Prednison en het nefrotisch syndroom
24 Maart 2020
Onderzoeker Jitske Jansen kreeg onlangs een Kolffbeurs voor haar onderzoek naar de werking van het medicijn prednison bij het nefrotisch syndroom. Ze is werkzaam als postdoc aan het Radboudumc.
Bij patiënten met het nefrotisch syndroom werken de nierfilters niet meer goed. Normaal zuiveren deze het bloed. Ze laten water en afvalstoffen door, zodat die het lichaam met de urine verlaten. En ze houden bloed en eiwitten tegen, zodat die in het lichaam blijven. Patiënten met het nefrotisch syndroom verliezen te veel eiwitten met de urine.
De meeste patiënten met het nefrotisch syndroom krijgen prednison. Waarom dat bij veel patiënten werkt, is onbekend. Wel is bekend dat de meeste schade bij het nefrotisch syndroom in specifieke cellen in de nierfilters zit, namelijk in de podocyten. En prednison blijkt daar effect op te hebben. Jitske Jansen wil met haar onderzoek meer kennis verkrijgen over het effect van prednison op podocyten in de nierfilters.
Paardenmiddel
Binnen het Radboudumc zit een expertisecentrum zeldzame nierziekten waar ook het nefrotisch syndroom onder valt.
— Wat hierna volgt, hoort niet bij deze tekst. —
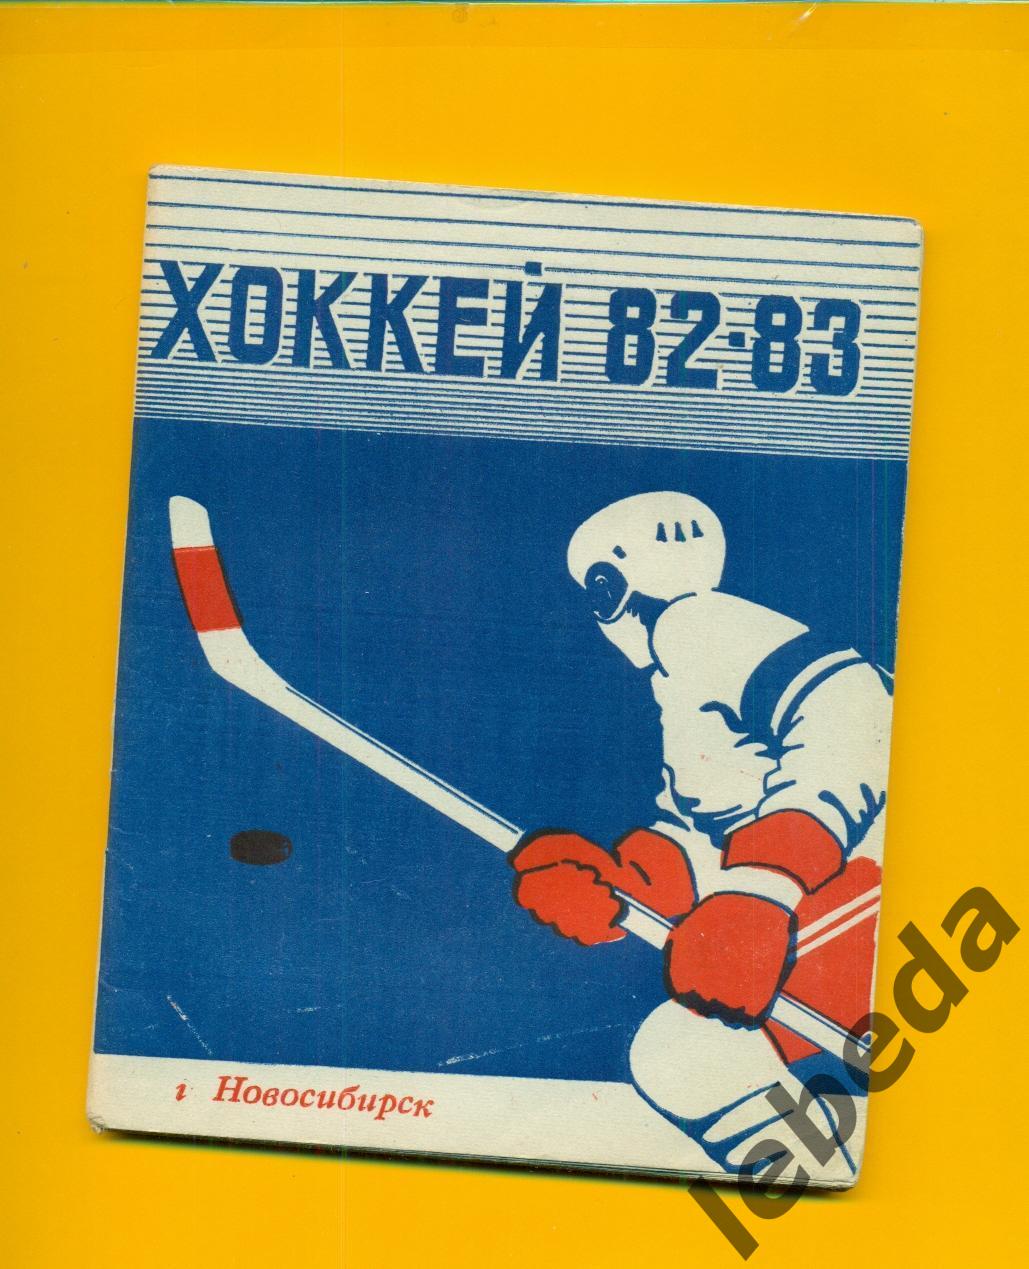 Новосибирск - 1982 / 1983 г. Хоккей.

Jansen: “Het is een van de pijlers hier in Nijmegen. Er is unieke kennis op dat gebied. Daarom past dit onderzoek goed bij het lopende onderzoek in het Radboudumc.”
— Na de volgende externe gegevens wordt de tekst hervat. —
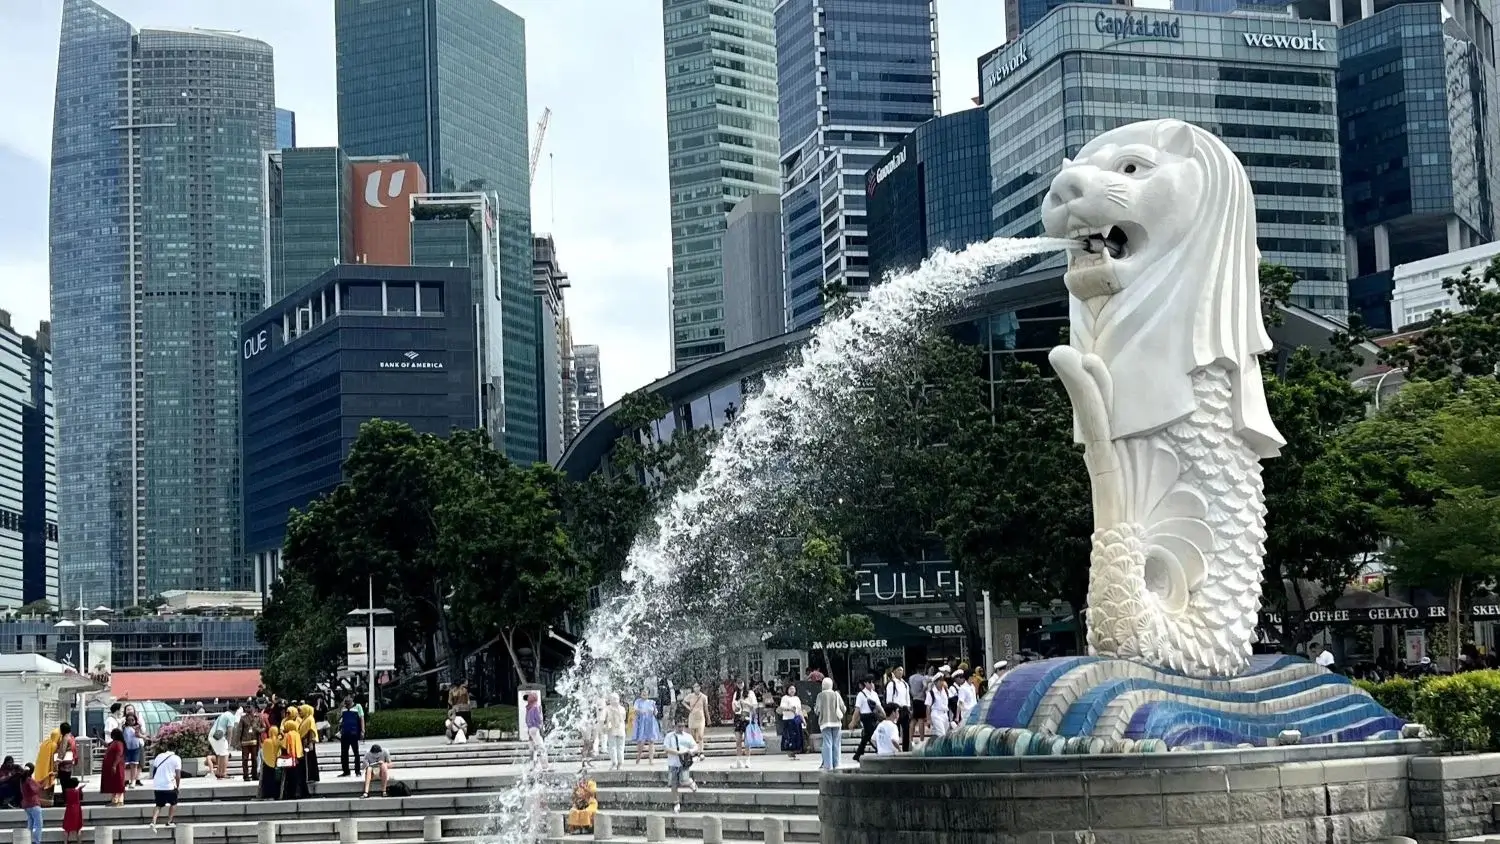 10 melhores hotéis em Singapura – Opções mais bem avaliadas na cidade

Het idee voor de studie ontstond niet voor niets in de kliniek van het Radboudumc, waar patiënten vragen of het zonder of op z’n minst met minder prednison kan. “Prednison is een paardenmiddel. Het grijpt in op cellen in het hele lichaam en daarom zie je overal effect.” Prednison heeft als doel de afweer te onderdrukken en heeft daardoor nare bijwerkingen zoals hoge bloeddruk, botontkalking en kans op diabetes.
Deze studie leidt er niet direct toe dat mensen geen prednison meer nodig hebben. Eerst is er kennis nodig over de werking van prednison in de nierfilters. “Met de technieken die nu voorhanden zijn, is het mogelijk dit onderzoek te doen. Het is tijd dat we het nu aanpakken.”
In haar onderzoek zal Jansen prednison toedienen aan muizen. Daarna gaat ze na welke moleculen van de podocyten het meest zijn veranderd door de prednison en voor herstel lijken te zorgen. Vervolgens gebruikt ze nierweefsel van nieren die zijn verwijderd bij patiënten die kanker hadden. Daaruit gebruikt ze een gezond stukje nierweefsel. Ze selecteert de nierfilters met podocyten en behandelt die met een stof die schade aan de podocyten geeft. Daarna dient ze prednison toe en kijkt ze of dezelfde moleculen veranderd zijn als in de muizen.
Door tot het eind
Uiteindelijk wil ze aantonen welke moleculen aangestuurd worden door prednison en essentieel zijn voor het herstel van podocyten. Die kennis kan hopelijk in de toekomst bijdragen aan een nieuw medicijn voor het nefrotisch syndroom. Dat ligt niet binnen het bereik van deze studie die drie jaar duurt. Maar als ze de financiering rond krijgt, zal Jansen aan de slag gaan met een vervolgstudie. “Als we hebben ontrafeld welke moleculen essentieel zijn, kunnen we kijken hoe we die kunnen aanpakken. Hebben we daar al iets voor op het schap liggen of moeten we een nieuw medicijn ontwikkelen? Dat moeten we dan eerst in het lab testen en zo komen we elke keer een stapje verder. Als je eenmaal deze weg bent ingeslagen, wil je door tot het eind.”